In some ways, an HA system is pretty simple - it starts services, it stops them, and it sees if they and the computers that run them are still running. But, there are a few bits of important "rocket science" hiding in there among all these apparently simple tasks. Much of the rocket science that's there centers around trying to solve a single thorny problem - split brain. The methods that are used to solve this problem are quorum and fencing. Unfortunately, if you manage an HA system you need to understand these issues. So this post will concentrate on these three topics: split-brain, quorum, and fencing.
If you have three computers and some way for them to communicate with each other, you can make a cluster out of them and,each can monitor the others to see if their peer has crashed. Unfortunately, there's a problem here - you can't distinguish a crash of a peer from broken communications with the peer. All you really know is that you can't hear anything from them. You're really stuck in a Dunn's law[1] situation - where you really don't know very much, but desperately need to. Maybe you don't feel too desperate yet. Perhaps you think that you don't need to be able to distinguish these two cases. The truth is that sometimes you don't need to, but much of the time you very much need to be able to tell the difference. Let's see if I can make this clearer with an illustration.

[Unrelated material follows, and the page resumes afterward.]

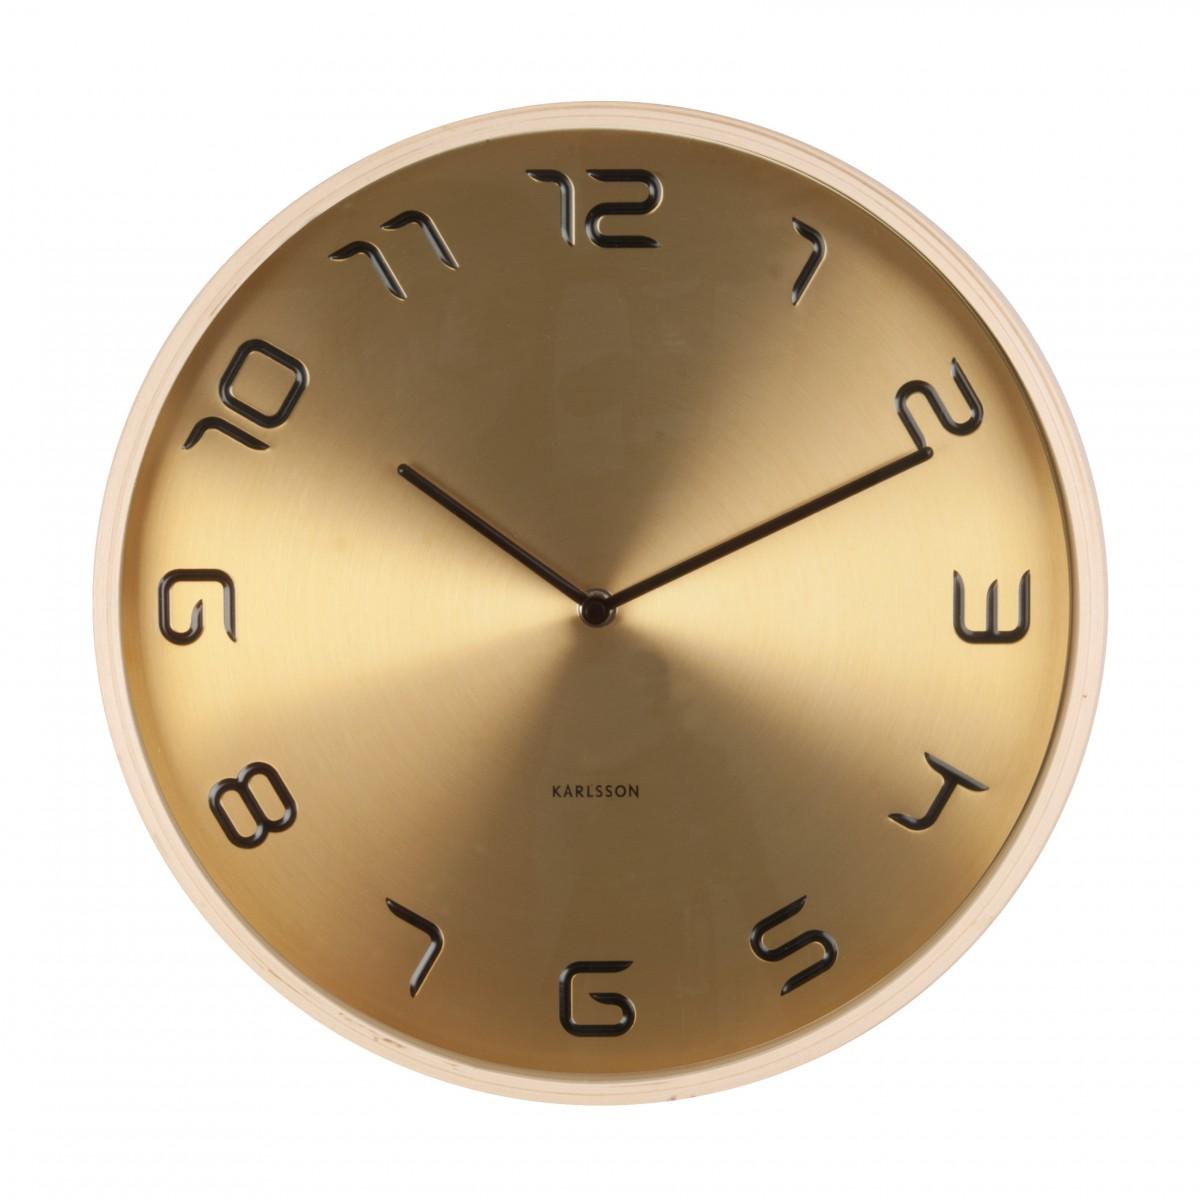 Ceas de perete Bent de lemn auriu, Karlsson
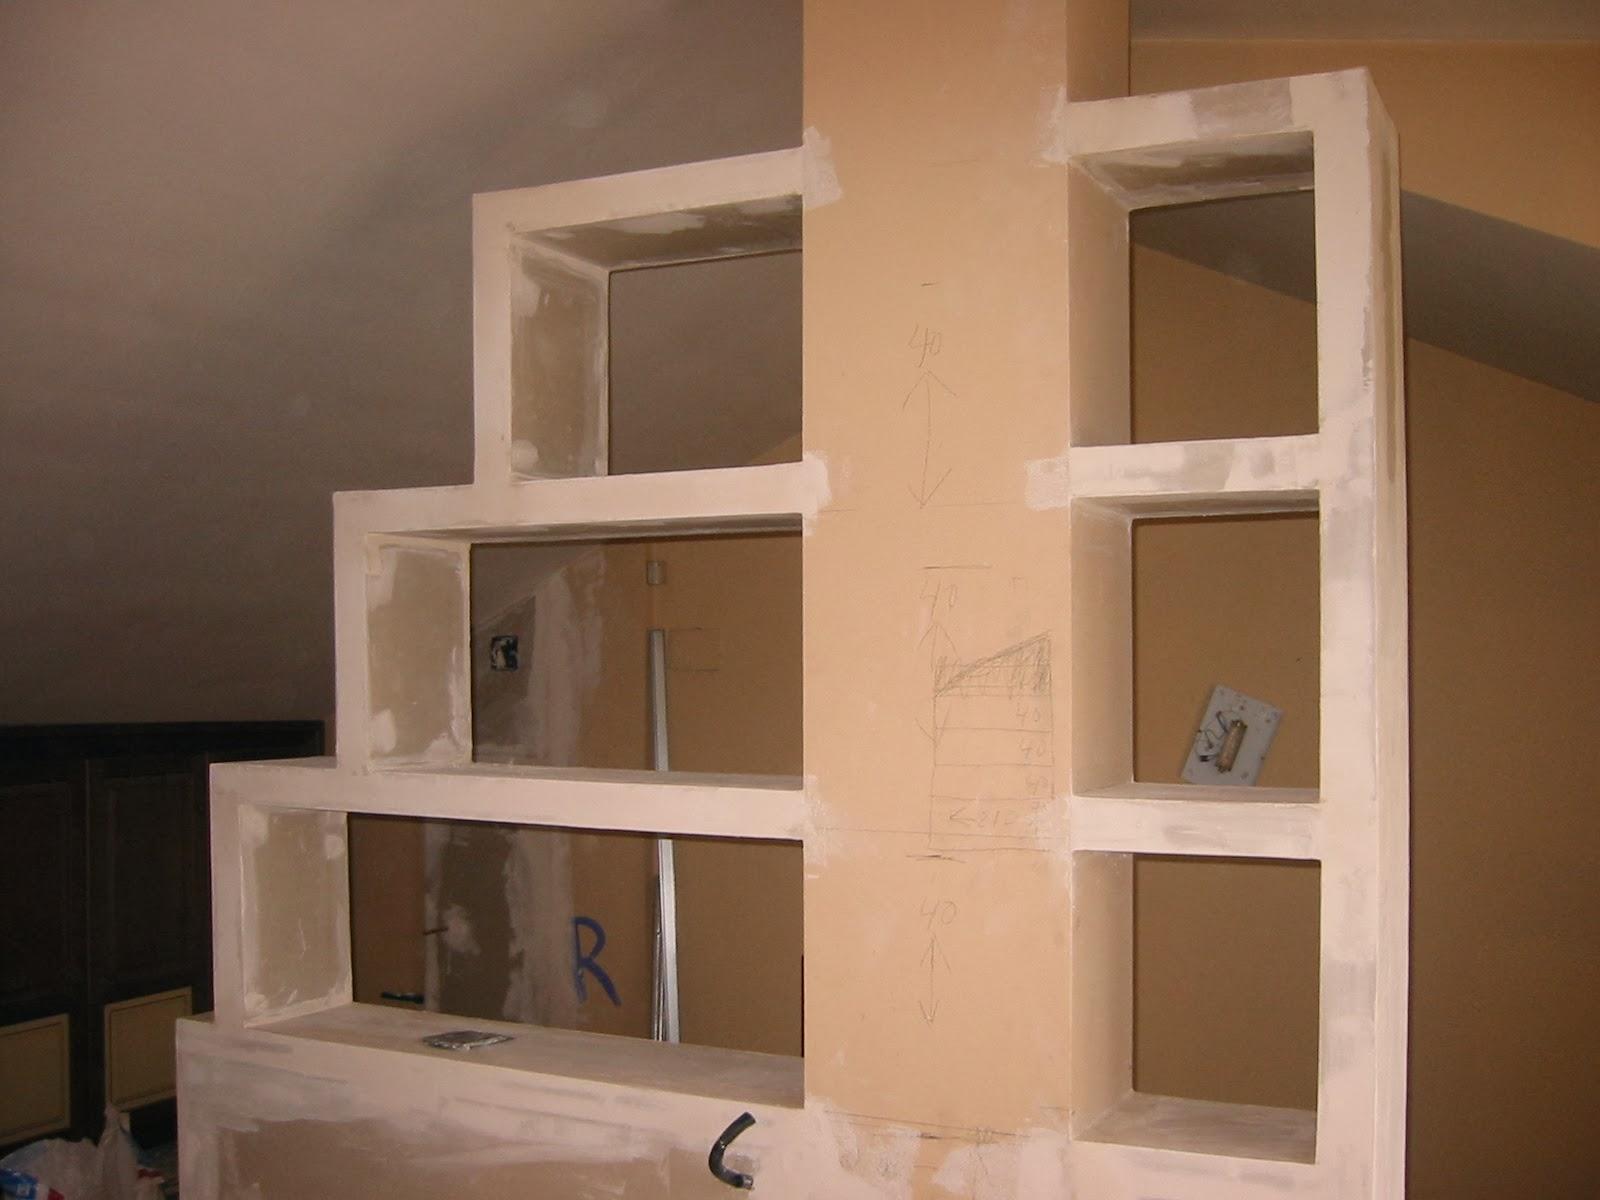 Estanteria de pladur y puerta corredera de cristal - Estanterias pladur ...

Let's say you have three computers, paul, silas, and mark, and paul and silas can't hear anything from mark and vice versa. Let's further suppose that mark had a filesystem /importantstuff from a SAN volume mounted on it when we lost contact with it. and that mark is alive but out of contact. What happens if we just go ahead and mount /importantstuff up on paul? The short answer is that bad things will happen[2]. /importantstuff will be irreparably corrupted as two different computers update the disk independently. The next question you'll ask yourself is "Where are those backup tapes?". That's the kind of question that's been known to be career-ending.
Split-Brain
This problem of a subset of computers in a cluster beginning to operate autonomously from each other is called Split Brain[3]. In our example above, the cluster has split into two subclusters: {paul, silas} and {mark}, and each subset is unaware of the others. This is the perhaps most difficult problem to deal with in high-availability clustering. Although this situation does not occur frequently in practice, it does occur more often than one would guess. As a result, it's vital that a clustering system have a way to safely deal with this situation.
Earlier I mentioned that there was information you really want to know, but don't know. Exactly what information did I mean? What I wanted to know was "is it safe to mount up /importantstuff somewhere else?". In turn, you could figure that out if you knew the answer to one of these two questions: "Is mark really dead?" which is one way of figuring out "Is mark going to write on the volume any more?" But, of course, since we can't communicate with mark, this is pretty hard to figure out. So, cluster developers came out with a kind of clever way of ensuring that this question can be answered. We call that answer fencing.
Fencing
Fencing is the idea of putting a fence around a subcluster so that it can't access cluster resources, like /importantstuff. If you put a fence between it and its resources, then suddenly you know the answer to the question "Is mark going to write on the volume any more?" - and the answer is no - because that's what the fence is designed to prevent. So, instead of passively wondering what the answer to the safeness question is, fencing takes action to ensure the "right" answer to the question.
This sort of abstract idea of fencing is fine enough, but how is this fencing stuff actually done? There are basically two general techniques: resource fencing [4] and node fencing.[5].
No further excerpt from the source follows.